-- Opening Marker --

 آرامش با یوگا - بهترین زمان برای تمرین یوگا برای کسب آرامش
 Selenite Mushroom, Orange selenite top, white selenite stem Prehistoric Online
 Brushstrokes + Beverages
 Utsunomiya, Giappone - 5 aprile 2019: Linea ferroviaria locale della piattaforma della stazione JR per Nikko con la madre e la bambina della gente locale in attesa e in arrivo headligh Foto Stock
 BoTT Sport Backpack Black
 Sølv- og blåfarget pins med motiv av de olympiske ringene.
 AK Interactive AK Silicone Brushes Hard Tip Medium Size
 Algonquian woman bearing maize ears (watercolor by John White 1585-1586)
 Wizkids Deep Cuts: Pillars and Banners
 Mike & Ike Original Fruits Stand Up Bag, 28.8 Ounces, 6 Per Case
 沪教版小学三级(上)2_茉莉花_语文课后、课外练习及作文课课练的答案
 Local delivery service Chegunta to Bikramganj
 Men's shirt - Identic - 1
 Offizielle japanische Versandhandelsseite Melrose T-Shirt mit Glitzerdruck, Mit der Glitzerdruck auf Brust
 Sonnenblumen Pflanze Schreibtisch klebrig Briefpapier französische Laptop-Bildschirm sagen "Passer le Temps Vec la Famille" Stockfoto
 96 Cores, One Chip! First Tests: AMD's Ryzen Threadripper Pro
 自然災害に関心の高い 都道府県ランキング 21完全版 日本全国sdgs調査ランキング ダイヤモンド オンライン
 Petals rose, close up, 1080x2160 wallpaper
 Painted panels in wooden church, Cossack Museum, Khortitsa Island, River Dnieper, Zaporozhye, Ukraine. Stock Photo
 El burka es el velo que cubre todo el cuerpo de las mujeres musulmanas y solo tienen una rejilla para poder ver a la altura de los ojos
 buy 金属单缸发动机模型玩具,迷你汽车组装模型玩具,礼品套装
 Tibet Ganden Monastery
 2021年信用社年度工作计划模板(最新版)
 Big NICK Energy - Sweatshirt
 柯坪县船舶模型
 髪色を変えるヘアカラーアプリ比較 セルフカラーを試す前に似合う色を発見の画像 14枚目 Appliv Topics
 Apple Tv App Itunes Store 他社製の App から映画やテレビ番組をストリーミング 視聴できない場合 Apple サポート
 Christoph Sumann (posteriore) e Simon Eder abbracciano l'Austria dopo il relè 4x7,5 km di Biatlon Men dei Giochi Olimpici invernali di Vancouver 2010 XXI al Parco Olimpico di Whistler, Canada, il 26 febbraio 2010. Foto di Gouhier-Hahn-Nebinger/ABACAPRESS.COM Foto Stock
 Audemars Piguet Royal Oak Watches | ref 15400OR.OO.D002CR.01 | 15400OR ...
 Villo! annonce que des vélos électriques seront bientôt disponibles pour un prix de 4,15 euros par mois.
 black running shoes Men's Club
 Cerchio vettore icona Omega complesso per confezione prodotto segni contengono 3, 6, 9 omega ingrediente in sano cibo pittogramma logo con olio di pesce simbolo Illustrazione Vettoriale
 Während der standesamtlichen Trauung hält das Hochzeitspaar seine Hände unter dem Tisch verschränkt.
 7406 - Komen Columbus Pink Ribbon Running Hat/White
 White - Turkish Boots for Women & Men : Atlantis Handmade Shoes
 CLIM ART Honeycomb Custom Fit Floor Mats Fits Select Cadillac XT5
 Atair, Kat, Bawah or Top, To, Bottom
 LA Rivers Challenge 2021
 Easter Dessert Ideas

-- Closing Marker --

# [Work instructions]
Retype each entry exactly, missing none.

# [Response]
 آرامش با یوگا - بهترین زمان برای تمرین یوگا برای کسب آرامش
 Selenite Mushroom, Orange selenite top, white selenite stem Prehistoric Online
 Brushstrokes + Beverages
 Utsunomiya, Giappone - 5 aprile 2019: Linea ferroviaria locale della piattaforma della stazione JR per Nikko con la madre e la bambina della gente locale in attesa e in arrivo headligh Foto Stock
 BoTT Sport Backpack Black
 Sølv- og blåfarget pins med motiv av de olympiske ringene.
 AK Interactive AK Silicone Brushes Hard Tip Medium Size
 Algonquian woman bearing maize ears (watercolor by John White 1585-1586)
 Wizkids Deep Cuts: Pillars and Banners
 Mike & Ike Original Fruits Stand Up Bag, 28.8 Ounces, 6 Per Case
 沪教版小学三级(上)2_茉莉花_语文课后、课外练习及作文课课练的答案
 Local delivery service Chegunta to Bikramganj
 Men's shirt - Identic - 1
 Offizielle japanische Versandhandelsseite Melrose T-Shirt mit Glitzerdruck, Mit der Glitzerdruck auf Brust
 Sonnenblumen Pflanze Schreibtisch klebrig Briefpapier französische Laptop-Bildschirm sagen "Passer le Temps Vec la Famille" Stockfoto
 96 Cores, One Chip! First Tests: AMD's Ryzen Threadripper Pro
 自然災害に関心の高い 都道府県ランキング 21完全版 日本全国sdgs調査ランキング ダイヤモンド オンライン
 Petals rose, close up, 1080x2160 wallpaper
 Painted panels in wooden church, Cossack Museum, Khortitsa Island, River Dnieper, Zaporozhye, Ukraine. Stock Photo
 El burka es el velo que cubre todo el cuerpo de las mujeres musulmanas y solo tienen una rejilla para poder ver a la altura de los ojos
 buy 金属单缸发动机模型玩具,迷你汽车组装模型玩具,礼品套装
 Tibet Ganden Monastery
 2021年信用社年度工作计划模板(最新版)
 Big NICK Energy - Sweatshirt
 柯坪县船舶模型
 髪色を変えるヘアカラーアプリ比較 セルフカラーを試す前に似合う色を発見の画像 14枚目 Appliv Topics
 Apple Tv App Itunes Store 他社製の App から映画やテレビ番組をストリーミング 視聴できない場合 Apple サポート
 Christoph Sumann (posteriore) e Simon Eder abbracciano l'Austria dopo il relè 4x7,5 km di Biatlon Men dei Giochi Olimpici invernali di Vancouver 2010 XXI al Parco Olimpico di Whistler, Canada, il 26 febbraio 2010. Foto di Gouhier-Hahn-Nebinger/ABACAPRESS.COM Foto Stock
 Audemars Piguet Royal Oak Watches | ref 15400OR.OO.D002CR.01 | 15400OR ...
 Villo! annonce que des vélos électriques seront bientôt disponibles pour un prix de 4,15 euros par mois.
 black running shoes Men's Club
 Cerchio vettore icona Omega complesso per confezione prodotto segni contengono 3, 6, 9 omega ingrediente in sano cibo pittogramma logo con olio di pesce simbolo Illustrazione Vettoriale
 Während der standesamtlichen Trauung hält das Hochzeitspaar seine Hände unter dem Tisch verschränkt.
 7406 - Komen Columbus Pink Ribbon Running Hat/White
 White - Turkish Boots for Women & Men : Atlantis Handmade Shoes
 CLIM ART Honeycomb Custom Fit Floor Mats Fits Select Cadillac XT5
 Atair, Kat, Bawah or Top, To, Bottom
 LA Rivers Challenge 2021
 Easter Dessert Ideas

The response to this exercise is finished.